=== YOUR OBJECTIVE ===
Set down all of the data that follows word for word, without the images.

=== DATA BLOCK ===
§ §
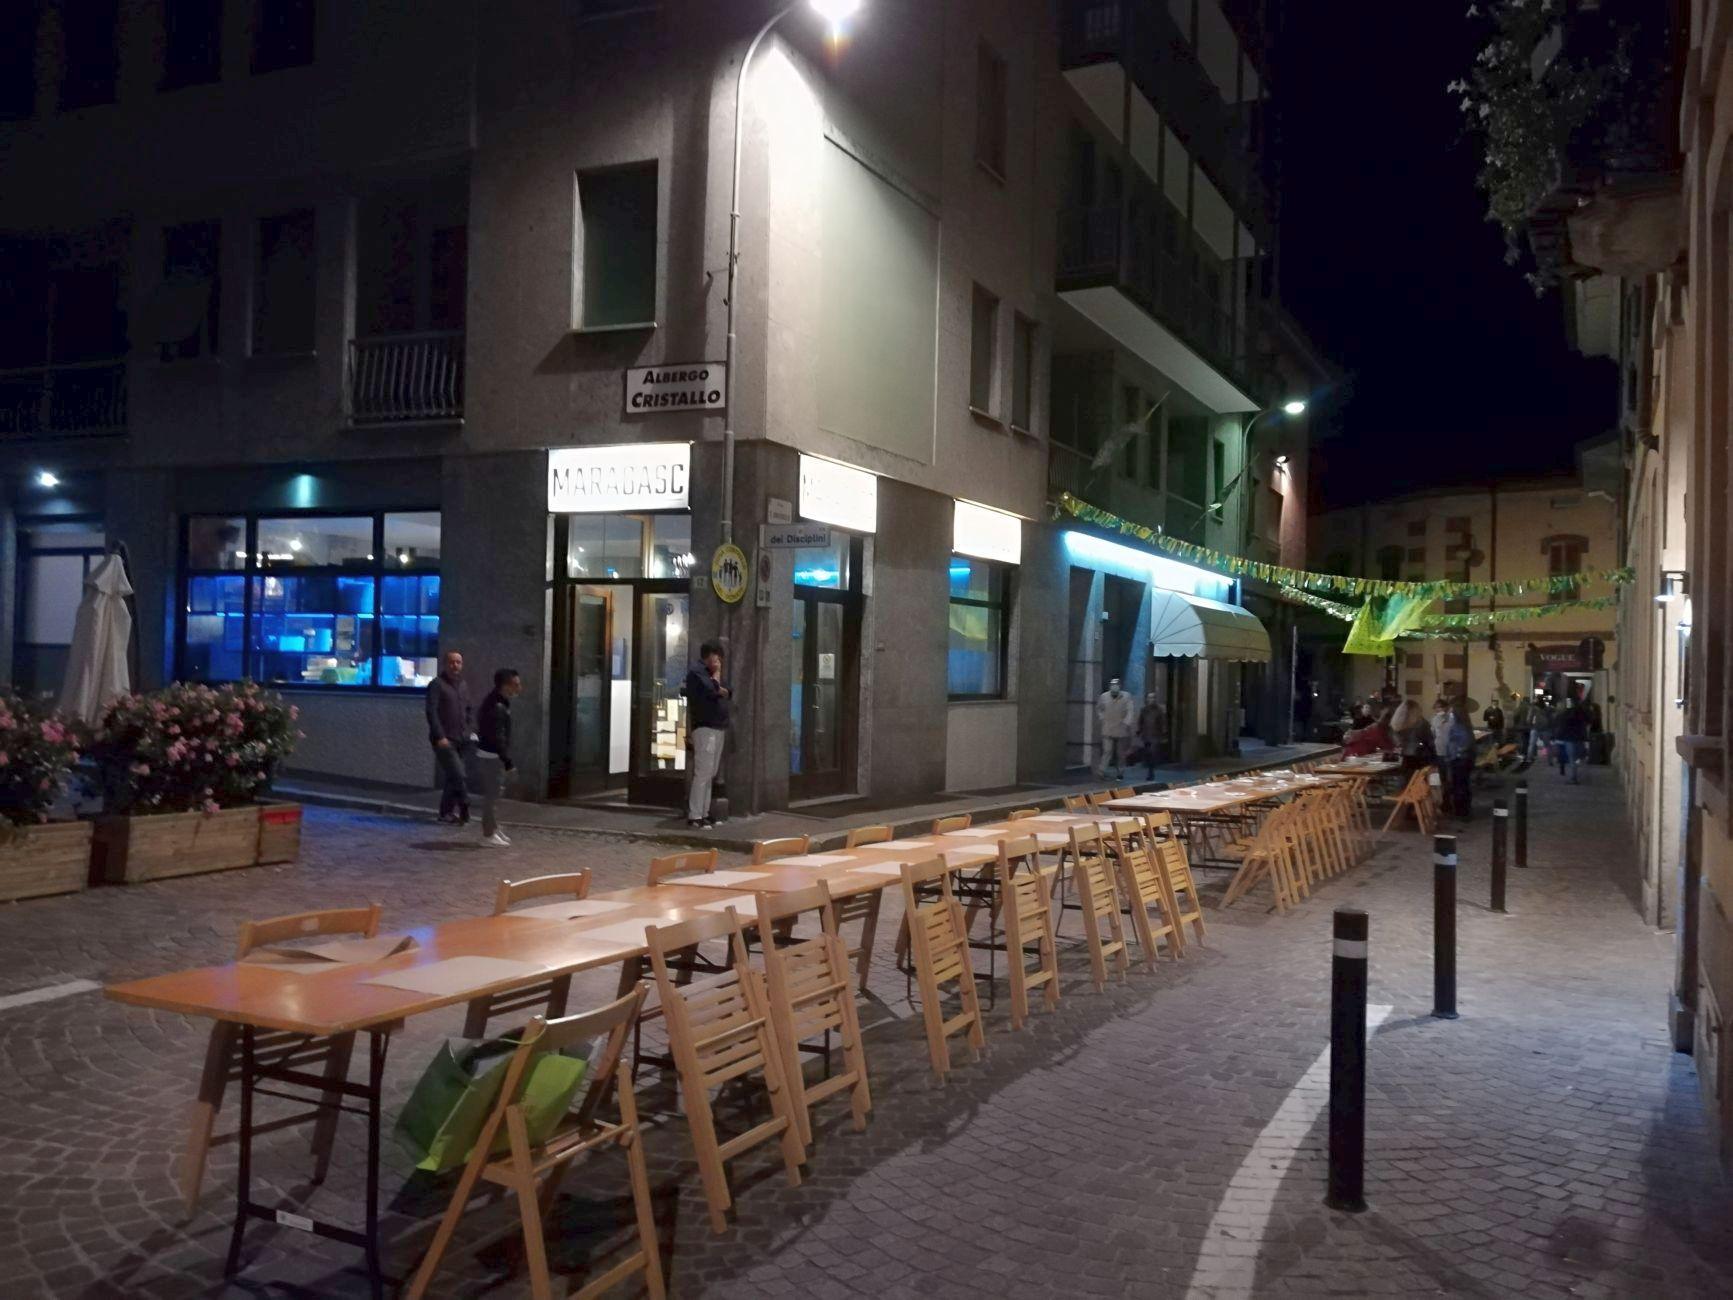 cena-del-borgo-santambrogio-legnano-26-9-20-7
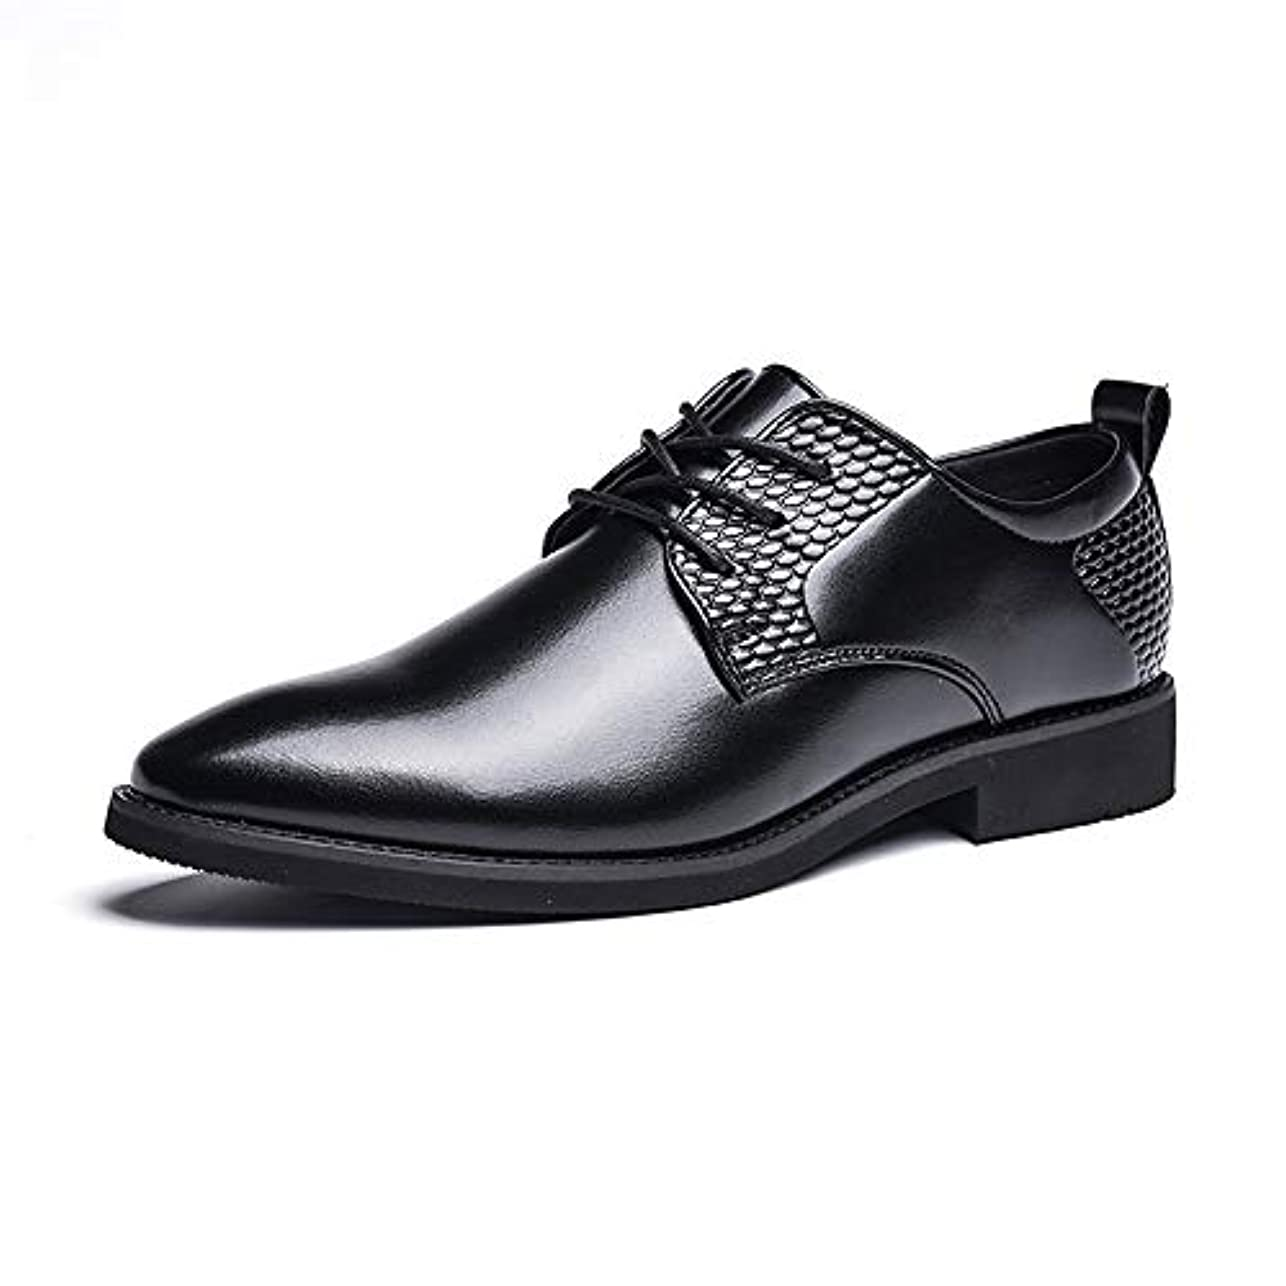 鑑定頼る副詞Sunny&Baby メンズビジネスオックスフォードカジュアルパーソナリティイギリススタイルの正式な靴 耐摩耗性 (Color : ブラック, サイズ : 26.5 CM)
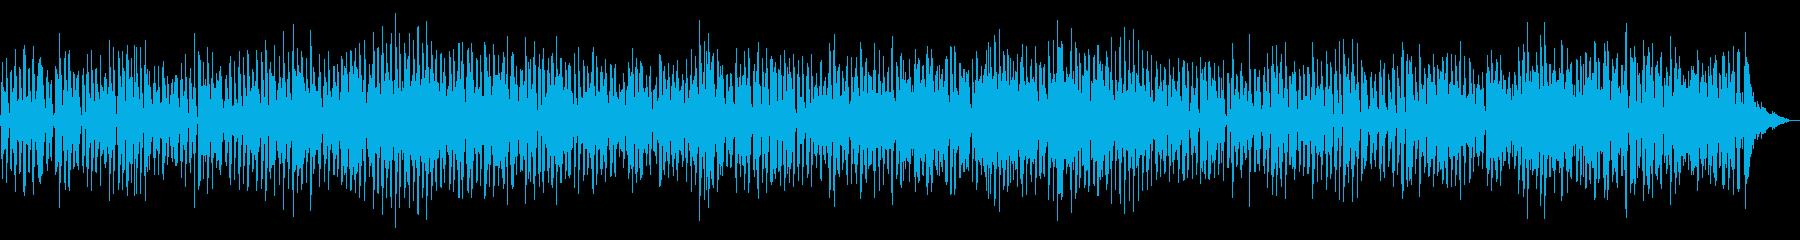 愛情あふれるデキシーランドジャズの再生済みの波形
§ §
=== EXERCISE OUTPUT ===
 cena-del-borgo-santambrogio-legnano-26-9-20-7
 鑑定頼る副詞Sunny&Baby メンズビジネスオックスフォードカジュアルパーソナリティイギリススタイルの正式な靴 耐摩耗性 (Color : ブラック, サイズ : 26.5 CM)
 愛情あふれるデキシーランドジャズの再生済みの波形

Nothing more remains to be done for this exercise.